Problem statement
Repeat the listing below exactly from the line with "Poczta Polska w" through its last line. Skip every picture.

Exercise data
§ §

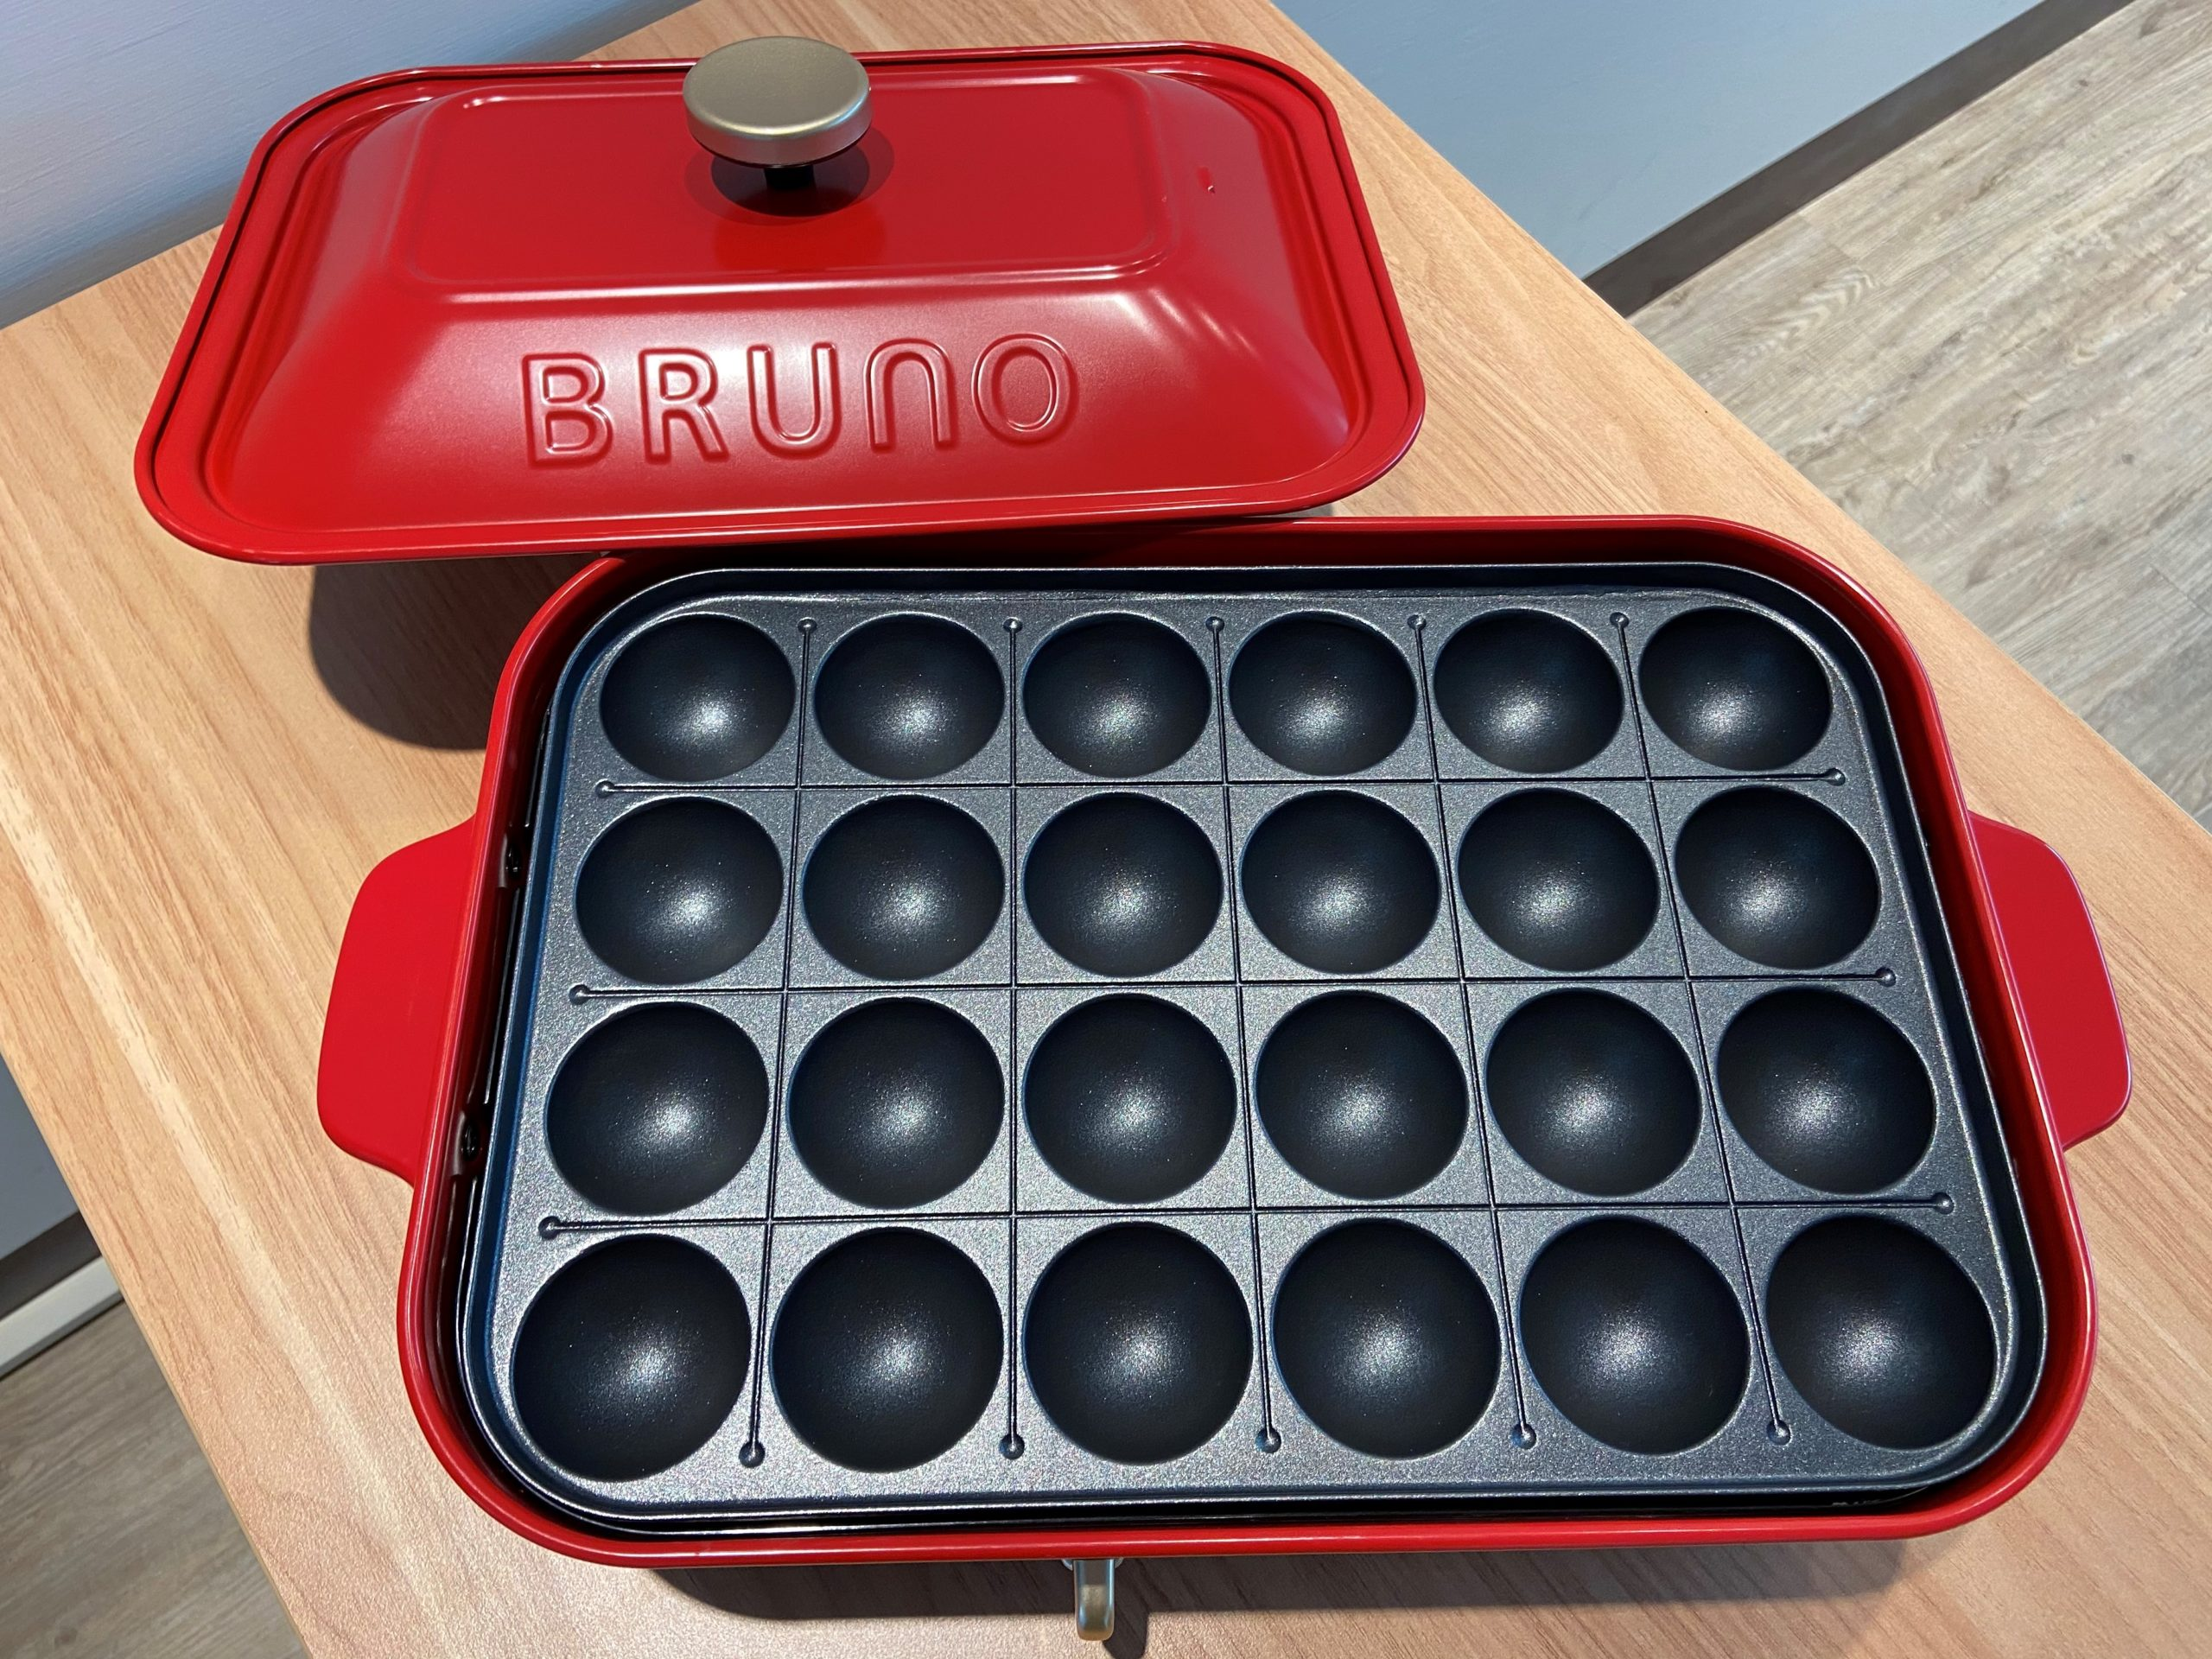 日本 BRUNO 電烤盤-章魚燒烤盤
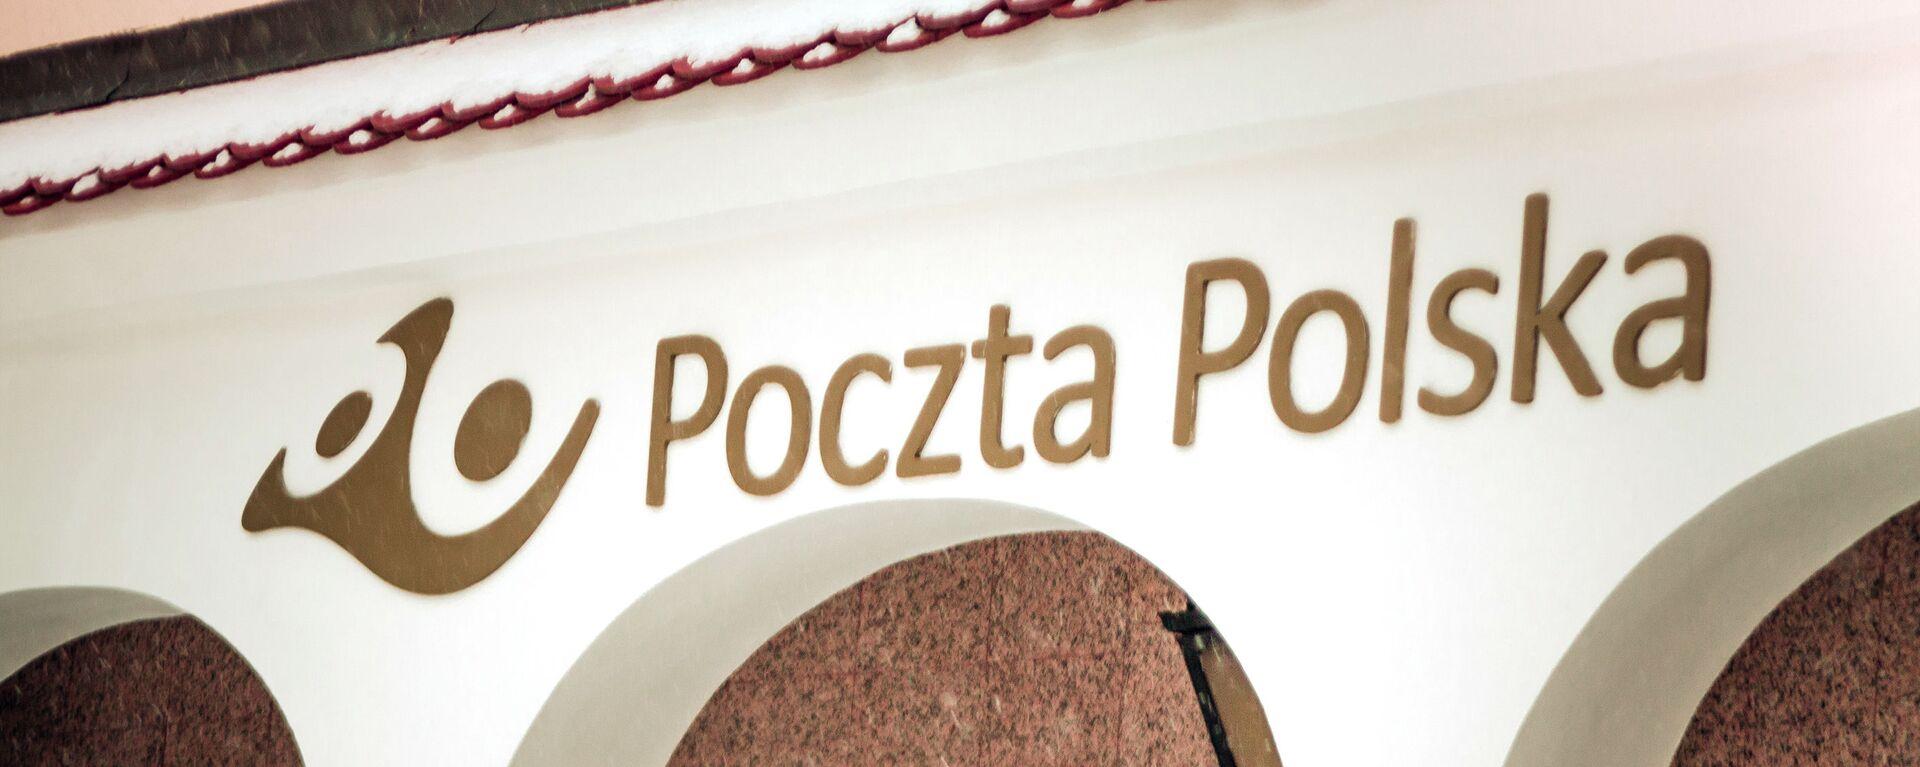 Poczta Polska w Zamościu - Sputnik Polska, 1920, 18.12.2020
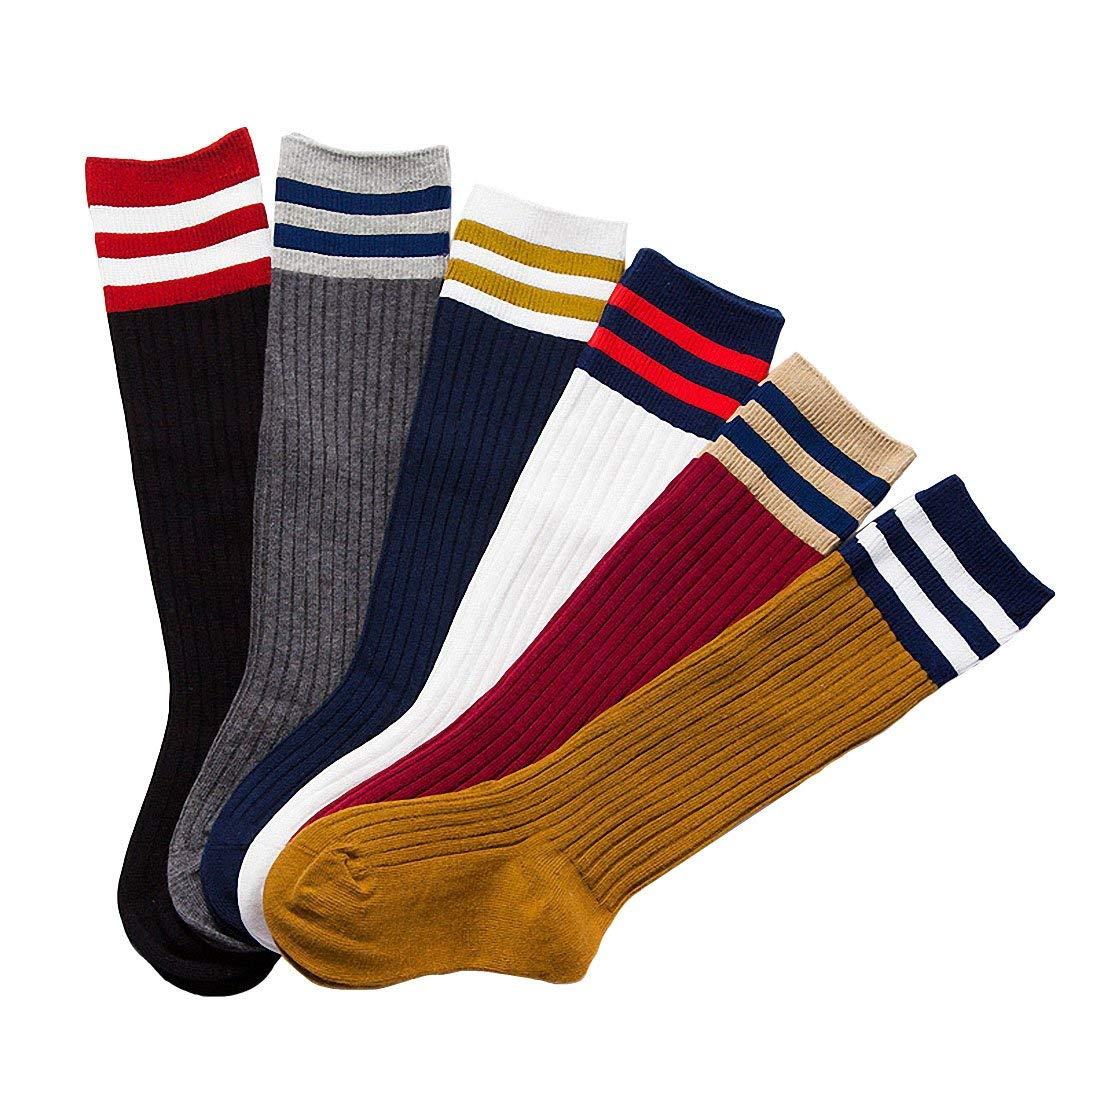 6 Pack Baby Girls Boys Toddler Kids Cotton Striped Knee High Stockings Tube Football Socks
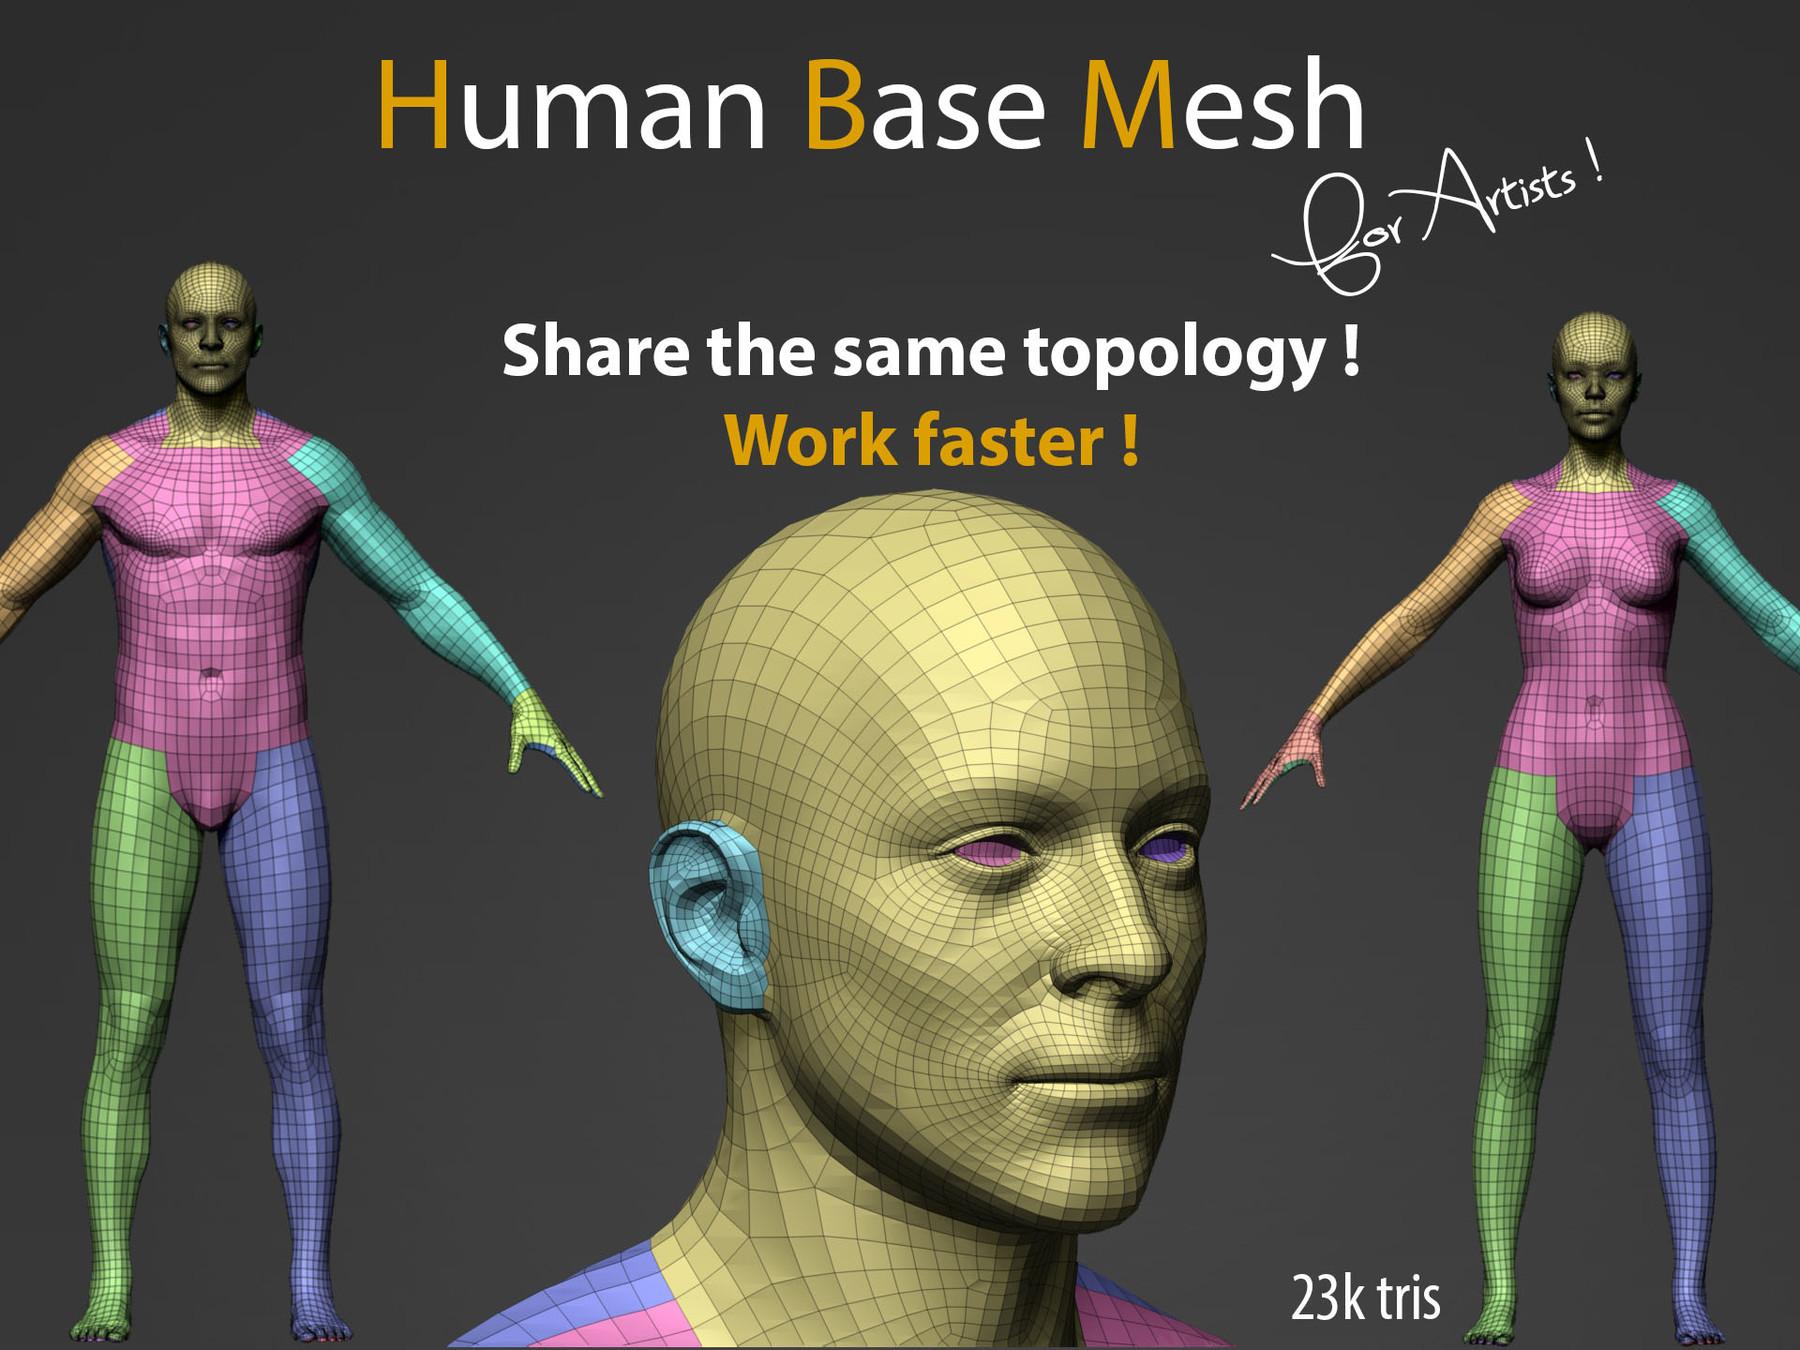 Human bm img1

§ §

Written response
 Poczta Polska w Zamościu - Sputnik Polska, 1920, 18.12.2020
 6 Pack Baby Girls Boys Toddler Kids Cotton Striped Knee High Stockings Tube Football Socks
 Human bm img1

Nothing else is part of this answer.